Oh, if only there was some magical book out there that cracked the “kid” code of all the goofy stuff they constantly do that makes you scratch your head. I’ve compiled a list of the Top Ten things I wish they WOULD put in those parenting books:
- Why, after you spend your time washing, drying, folding, and separating into appropriate piles, why it always ends up on the floor/bed/chair/end table/desk… (That is, if they take it upstairs to begin with)
- Why are computers so fascinating to little ones? And why, oh why, must they bash on them (and other important items) like a drum?
- Why adding one little body into your big king-sized bed suddenly means no room for anyone to sleep?

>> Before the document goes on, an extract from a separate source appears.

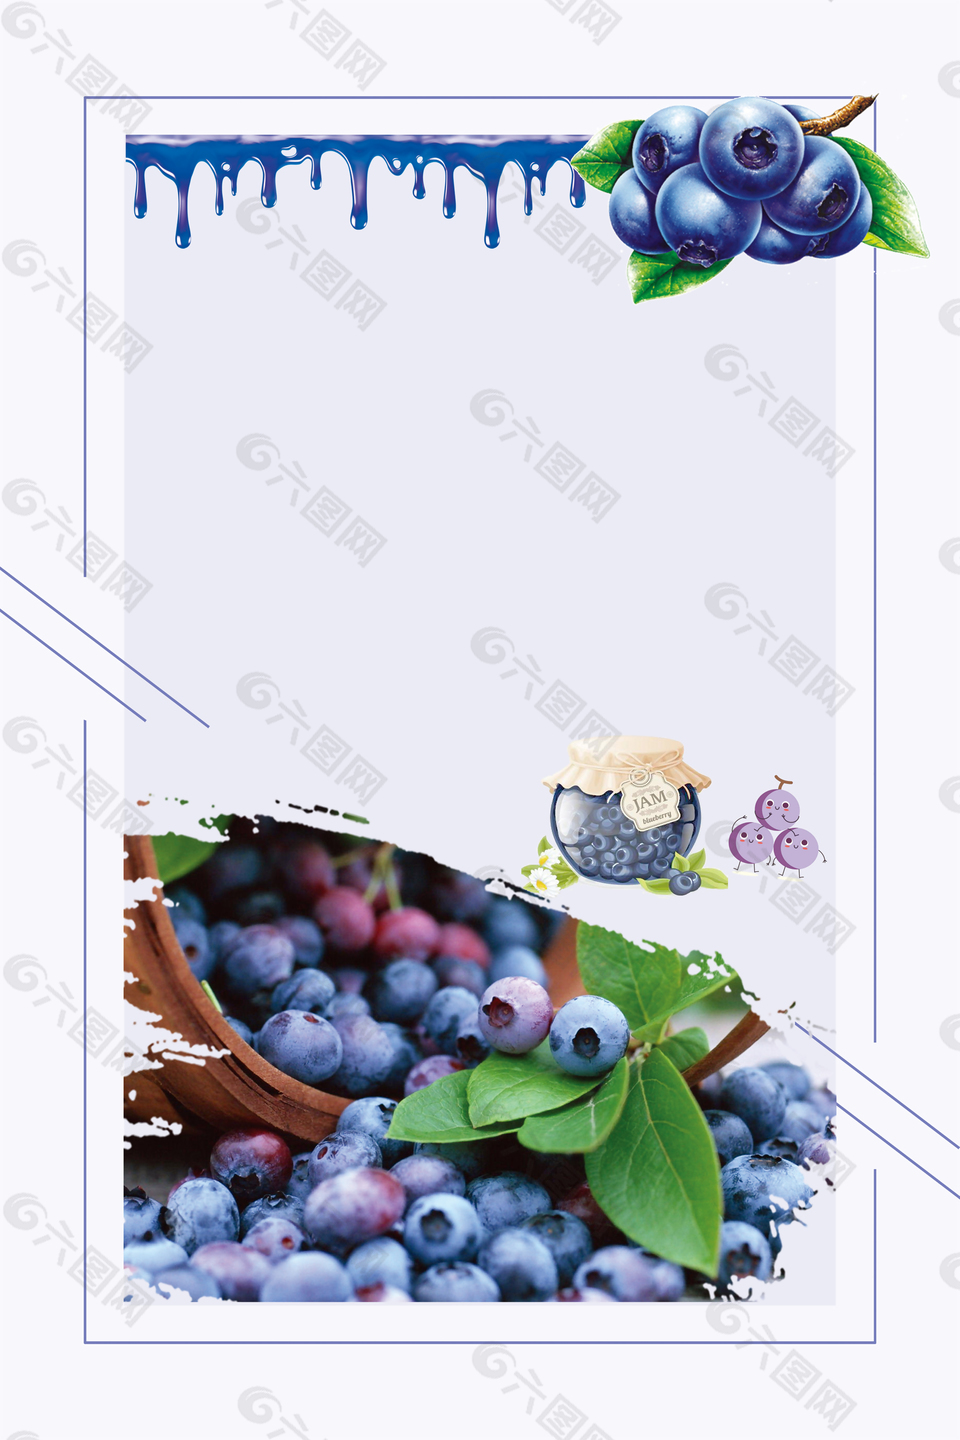 简约新鲜水果蓝莓果酱海报背景素材

- Why children have a fascination with stashing things instead of putting them away. Evidence here:
- Why is wearing food a “thing?”
- How do children have pinpoint laser-like accuracy to zero in on dad’s junk?
- Why paper isn’t an acceptable item to write on?
- Why, if it isn’t staring them in their faces, can’t they look for something themselves? Case and point – the Rotten Meat Van™ incident:
- Why are kids allergic to taking off their clothes appropriately?
- And last, but certainly not least..Why can’t they fall asleep somewhere normal. Like, in a bed?!
What would YOU add to this list? I can’t wait to hear it!
Despite their crazy stuff, I love it all. Every last second, including this one that seems just like yesterday.
(And that your children will likely and simultaneously explode your heart from love and make you a lunatic.)